TASK INPUTS —
>>>>>
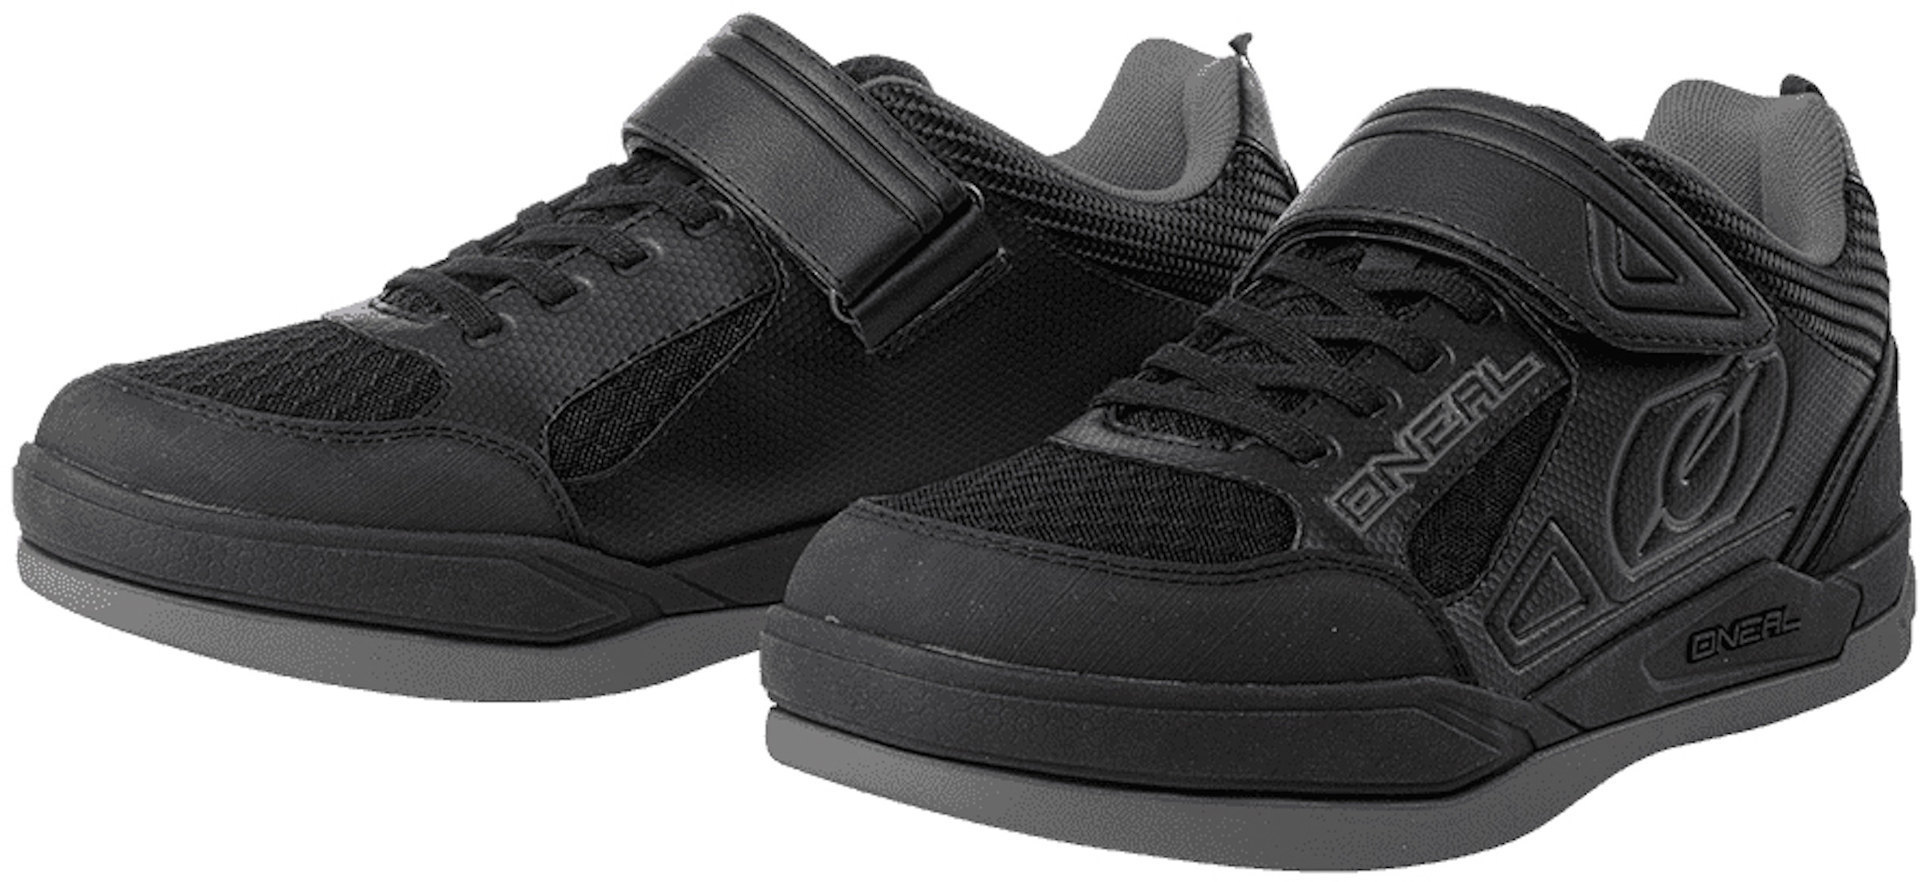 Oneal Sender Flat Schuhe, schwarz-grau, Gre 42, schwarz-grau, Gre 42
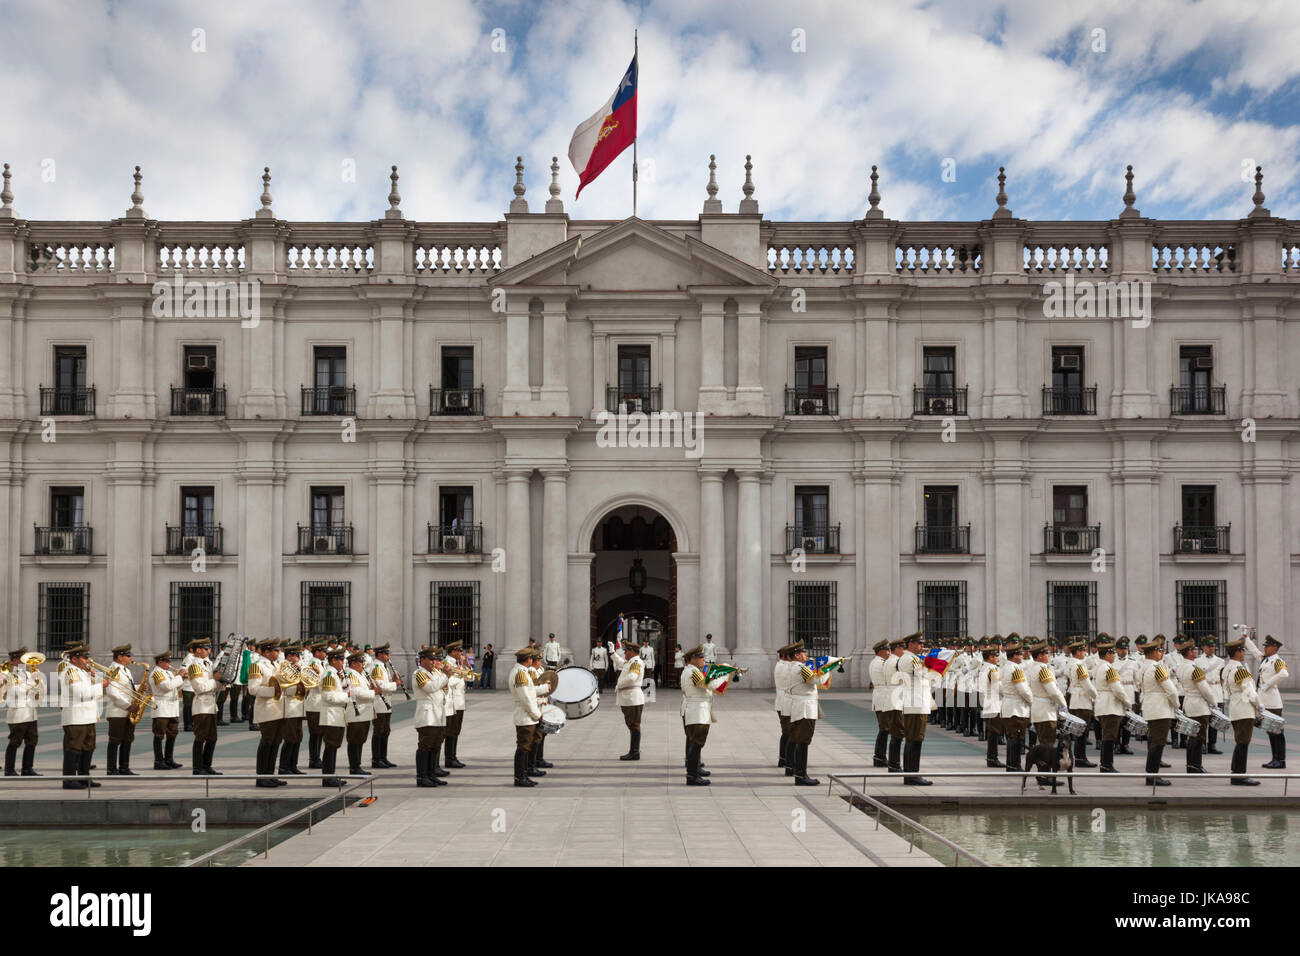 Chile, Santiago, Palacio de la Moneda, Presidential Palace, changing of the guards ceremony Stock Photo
<<<<<
>>>>>
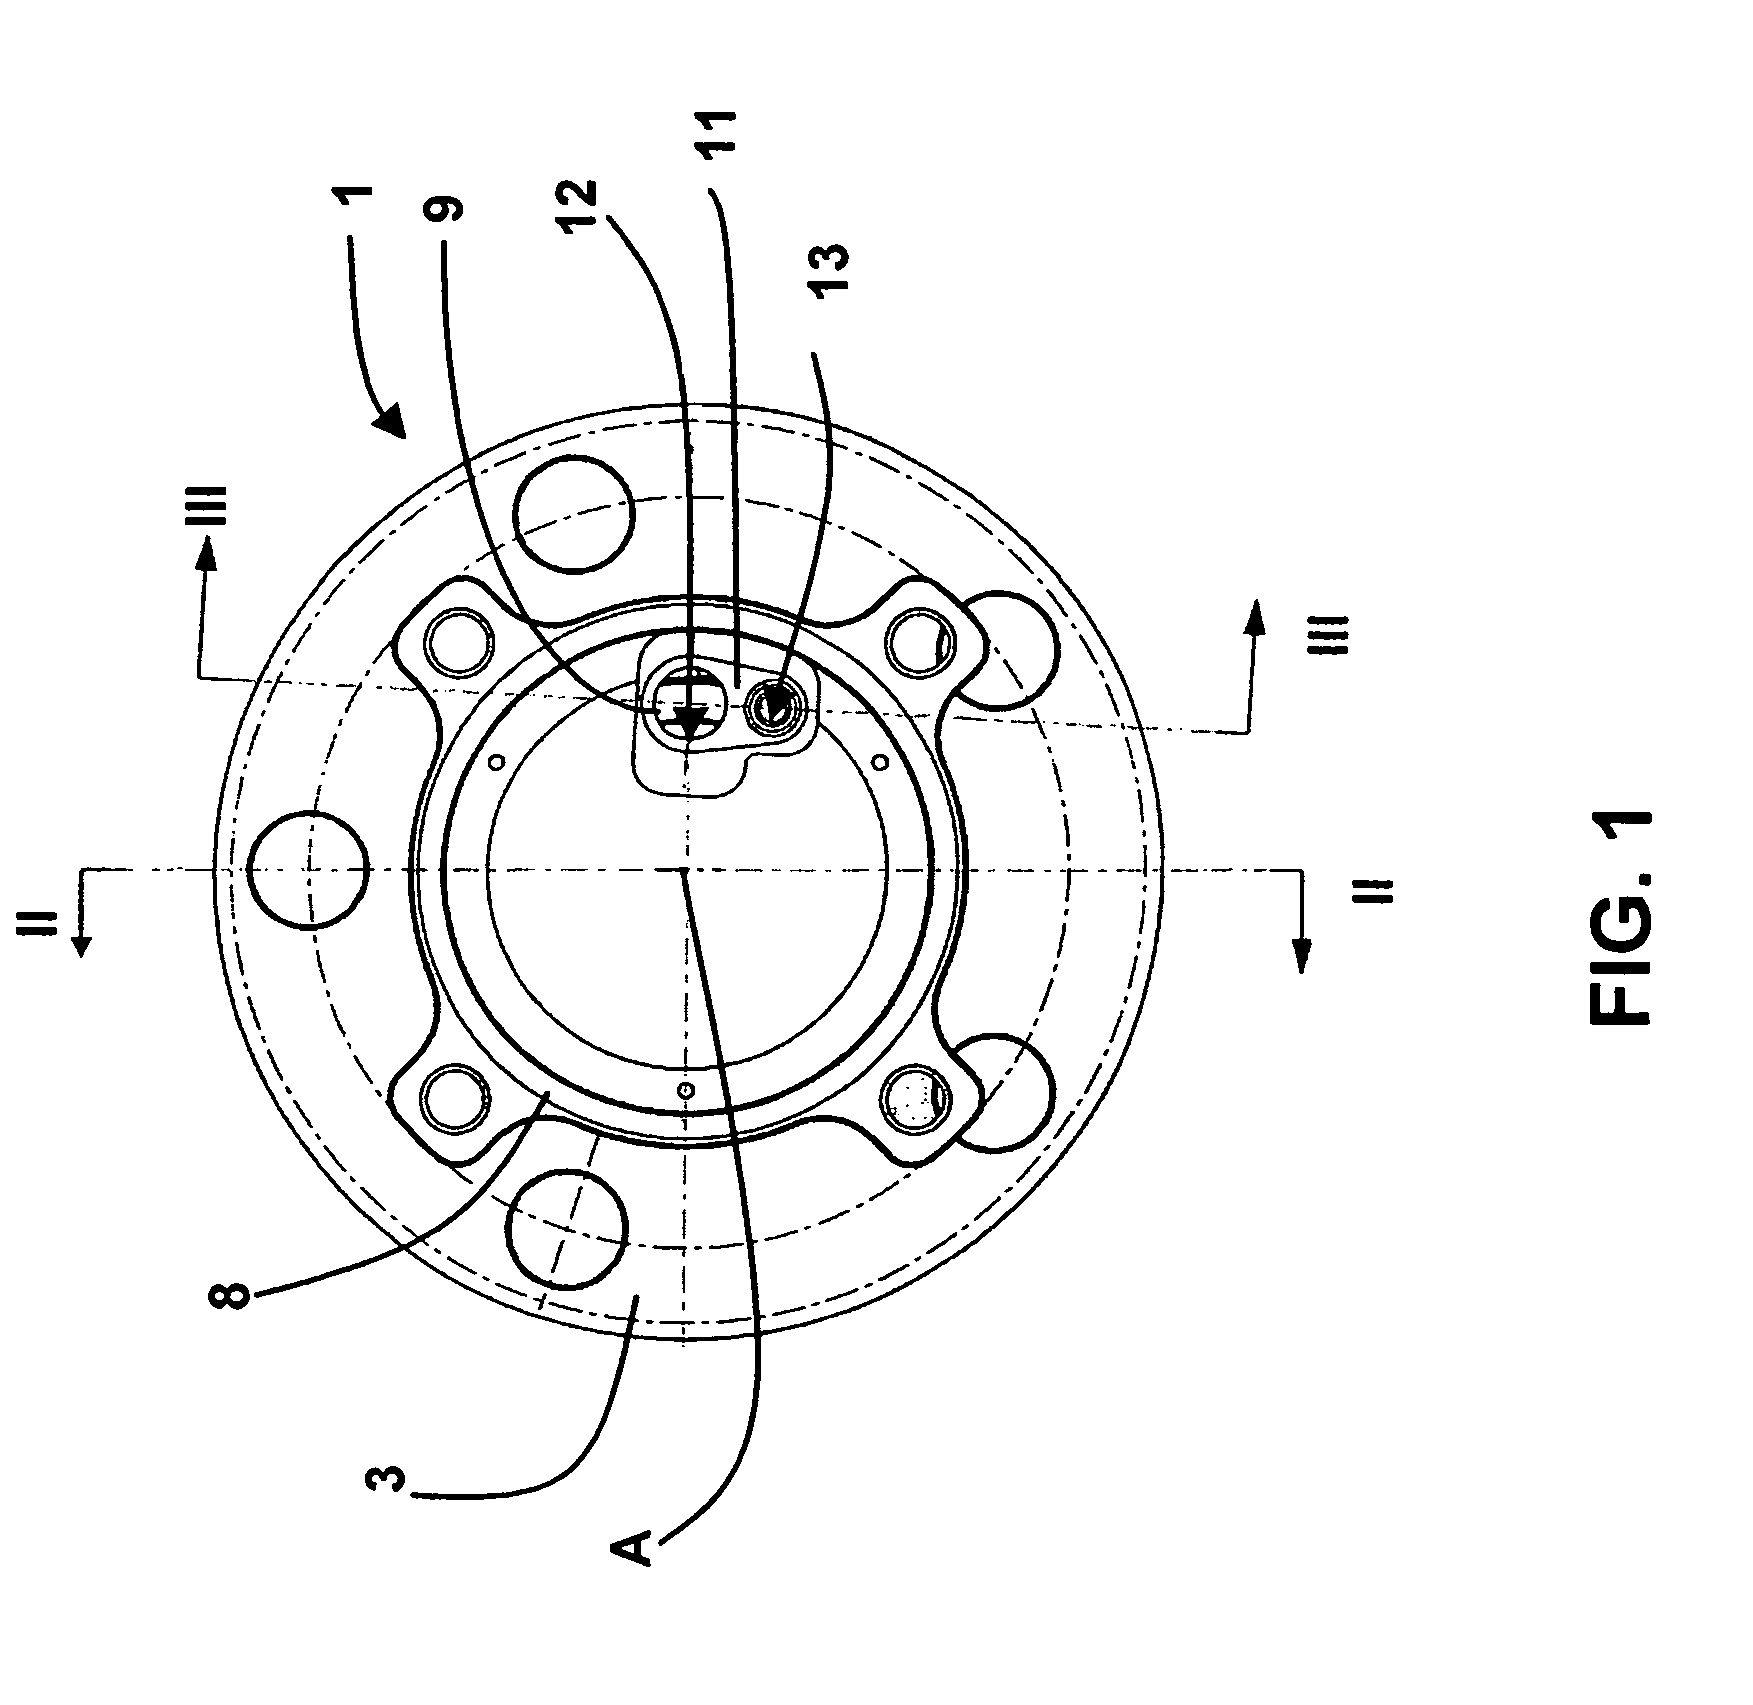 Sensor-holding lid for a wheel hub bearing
<<<<<
Using the records above, return verbatim only the part that opens with the line containing "Oneal Sender Flat" and closes with the line containing "Chile, Santiago, Palacio"; pictures stay out.

ANSWER BOX —
 Oneal Sender Flat Schuhe, schwarz-grau, Gre 42, schwarz-grau, Gre 42
 Chile, Santiago, Palacio de la Moneda, Presidential Palace, changing of the guards ceremony Stock Photo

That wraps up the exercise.